* [SOURCE MATERIAL]:
★ ★ ★
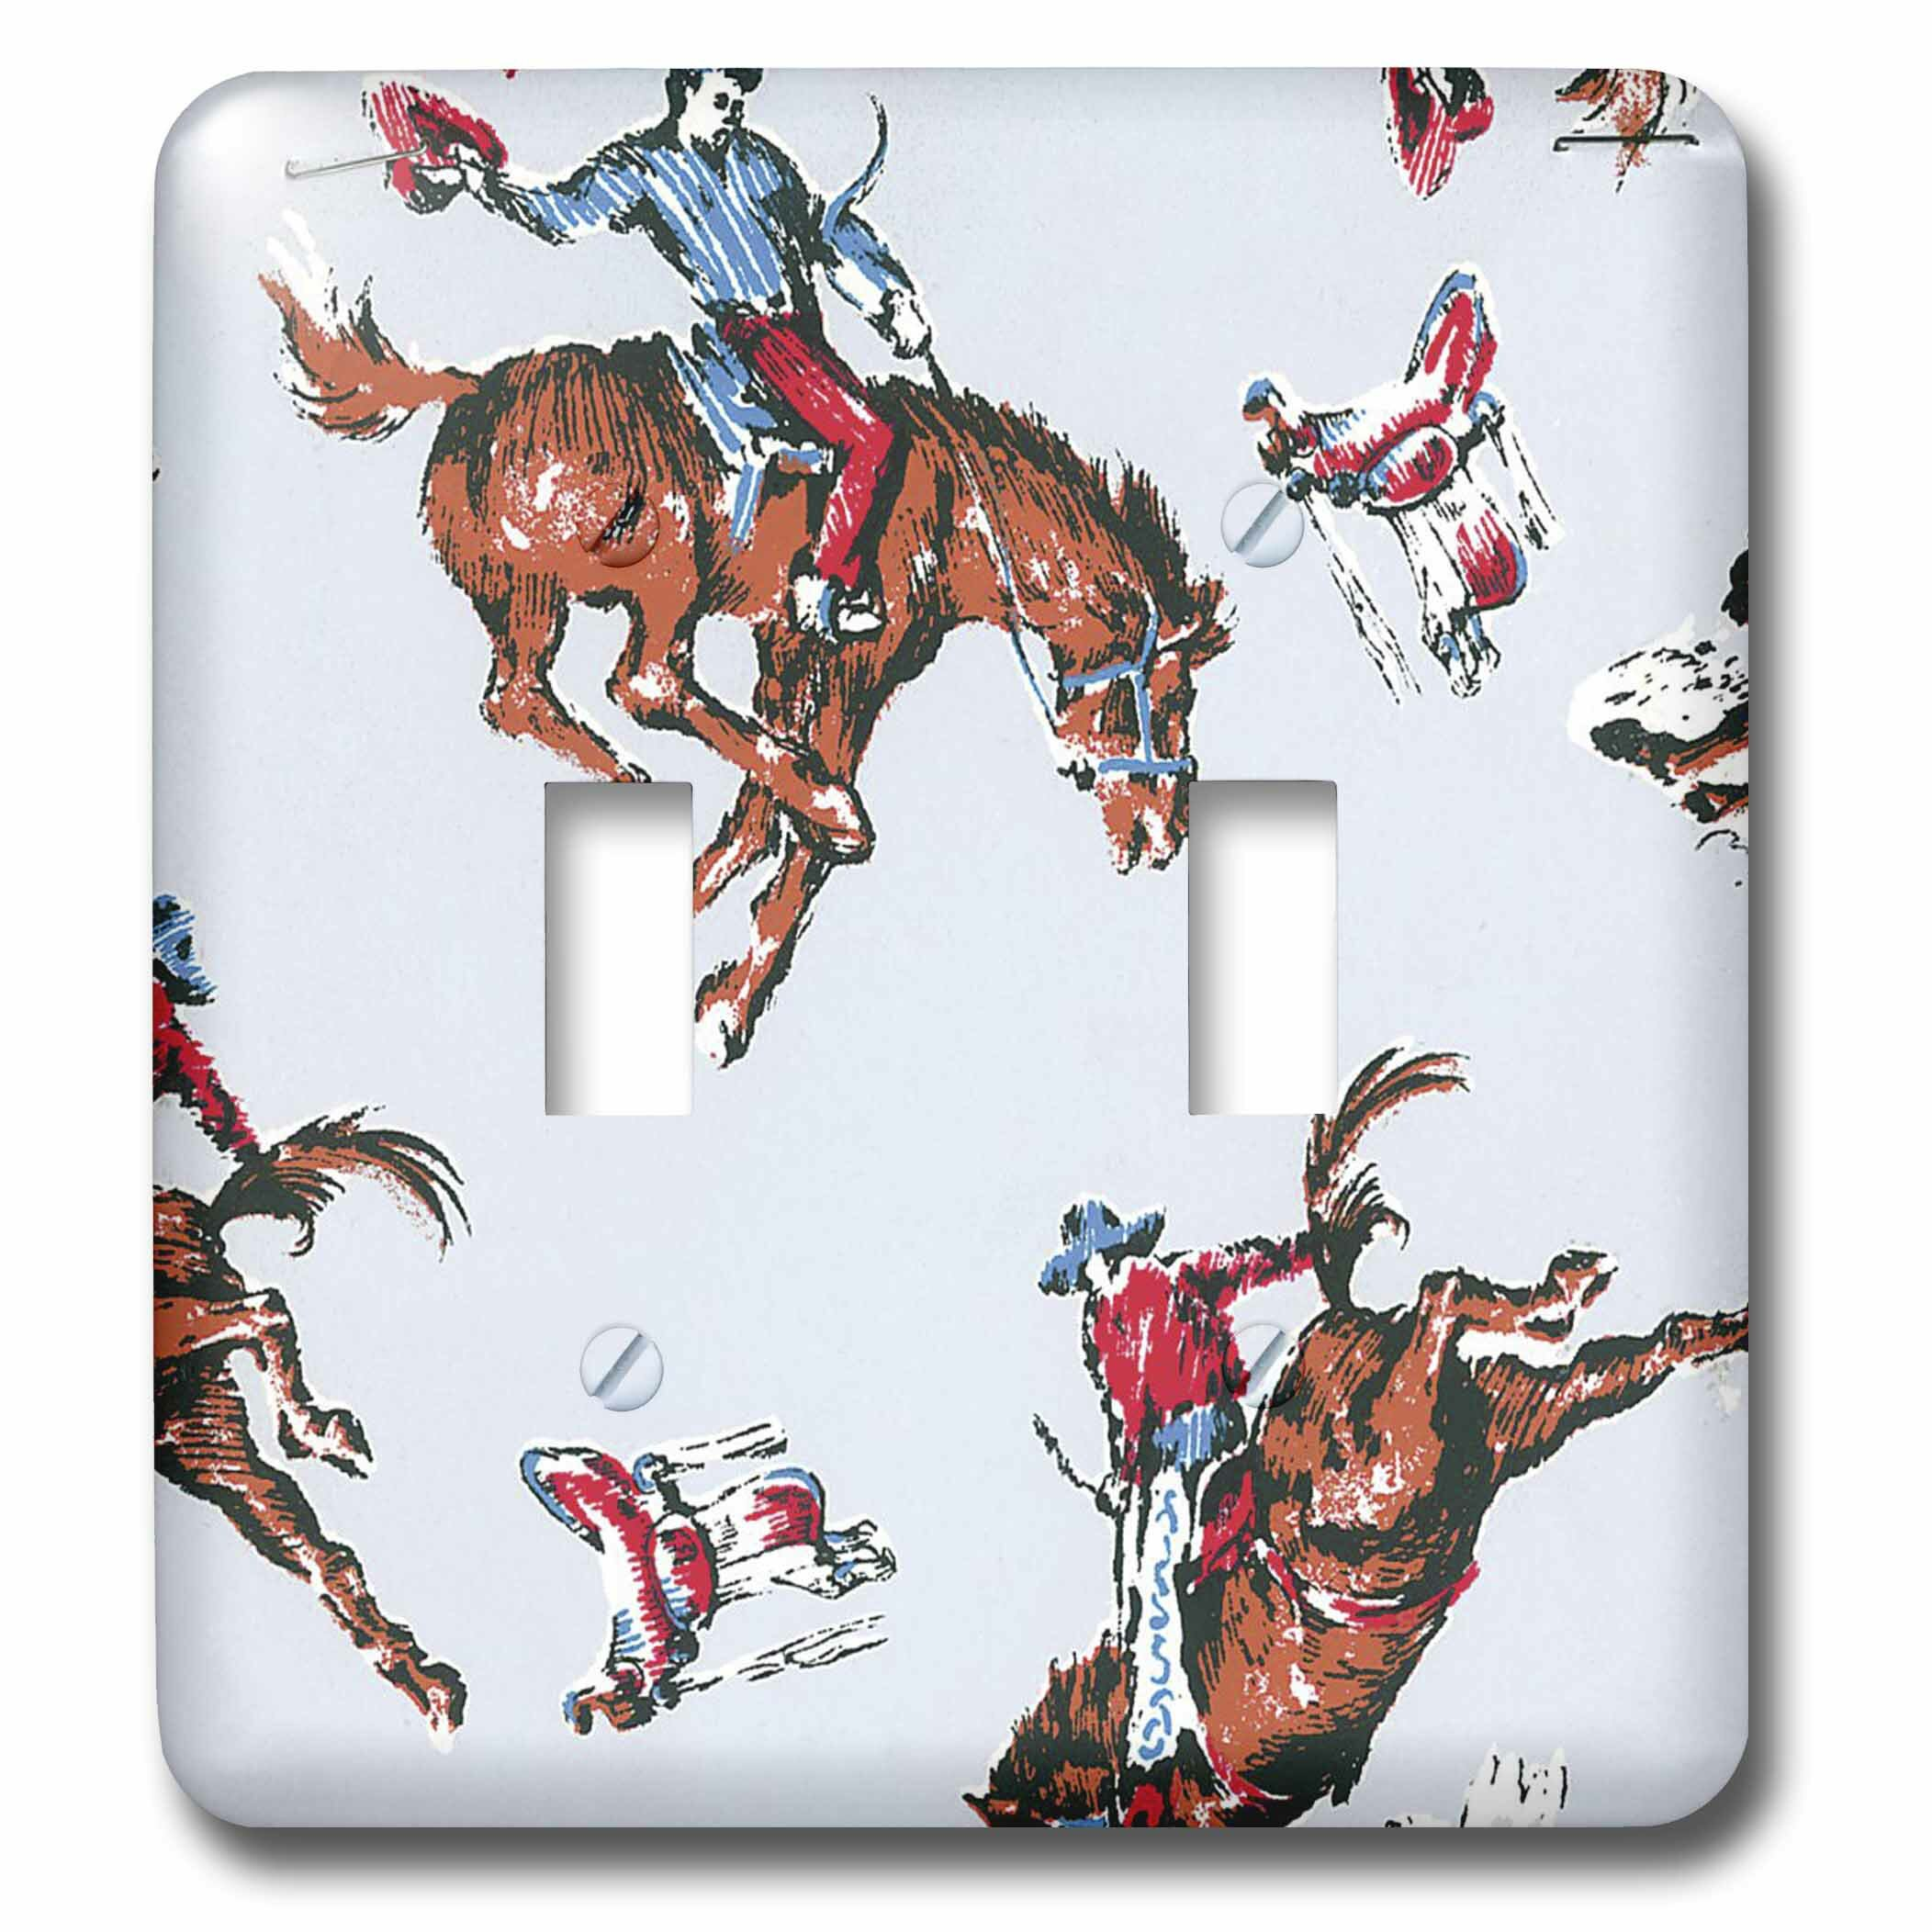 3drose Rodeo Cowboys 2 Gang Toggle Light Switch Wall Plate Wayfair
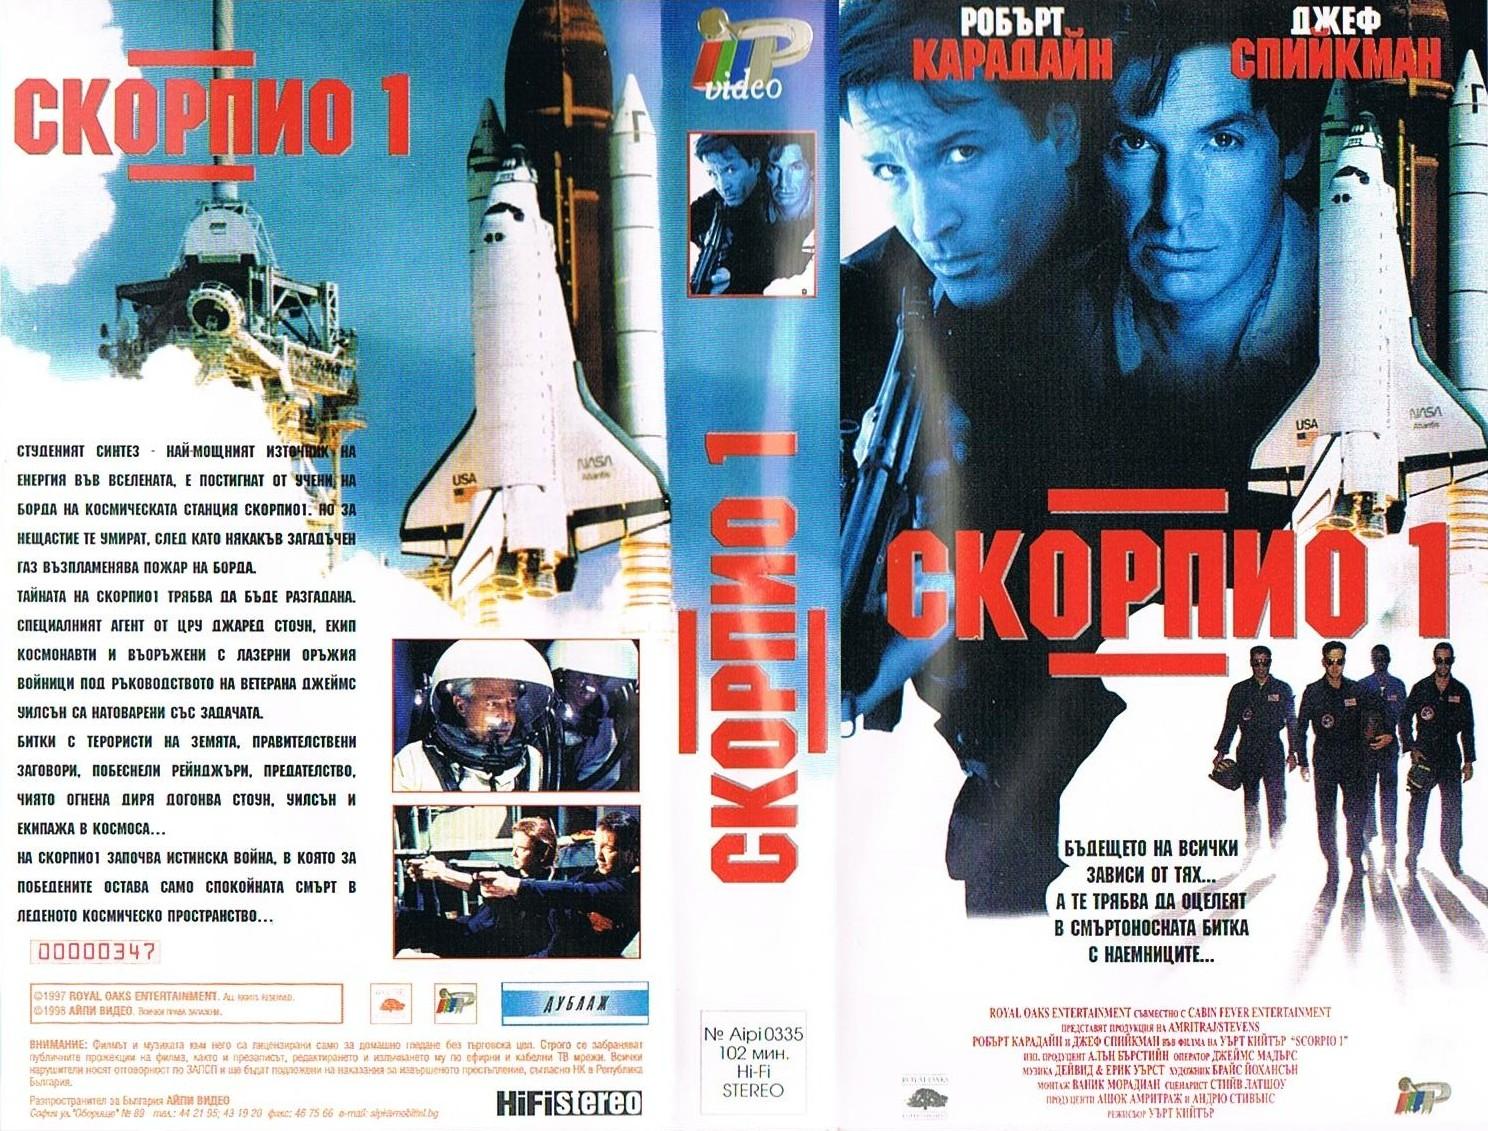 Скорпио 1 филм робърт карадайн
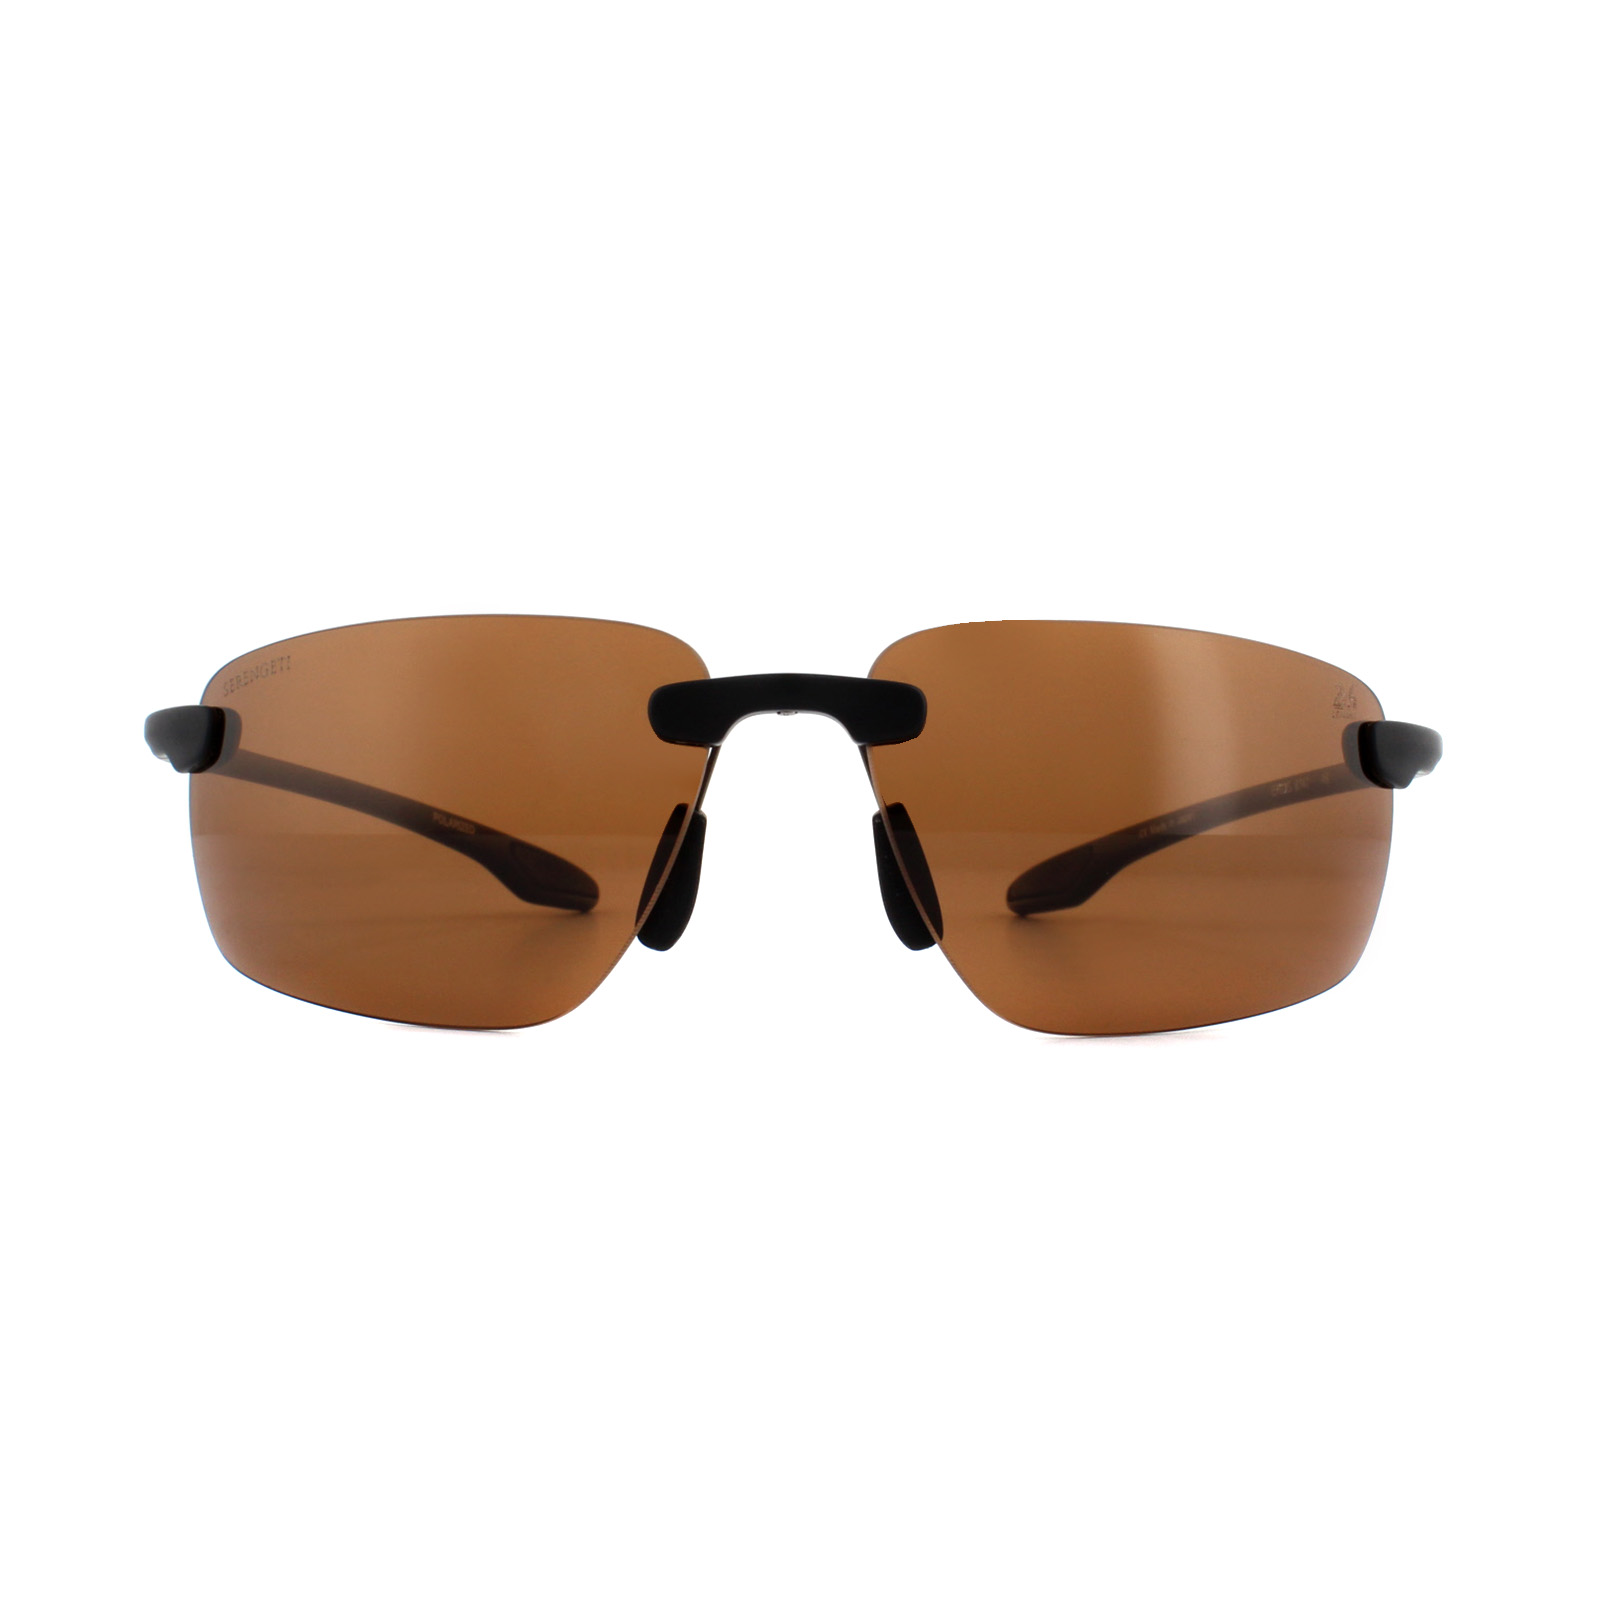 5c8c75970e Sentinel Serengeti Sunglasses Erice 8747 Satin Black Gold PhD Drivers Brown  Polarized
★ ★ ★
* [WHAT THE TASK REQUIRES]: Copy the listing above verbatim; the pictures it contains are to stay out.

* [ANSWER SPACE]:
 3drose Rodeo Cowboys 2 Gang Toggle Light Switch Wall Plate Wayfair
 Скорпио 1 филм робърт карадайн
 5c8c75970e Sentinel Serengeti Sunglasses Erice 8747 Satin Black Gold PhD Drivers Brown  Polarized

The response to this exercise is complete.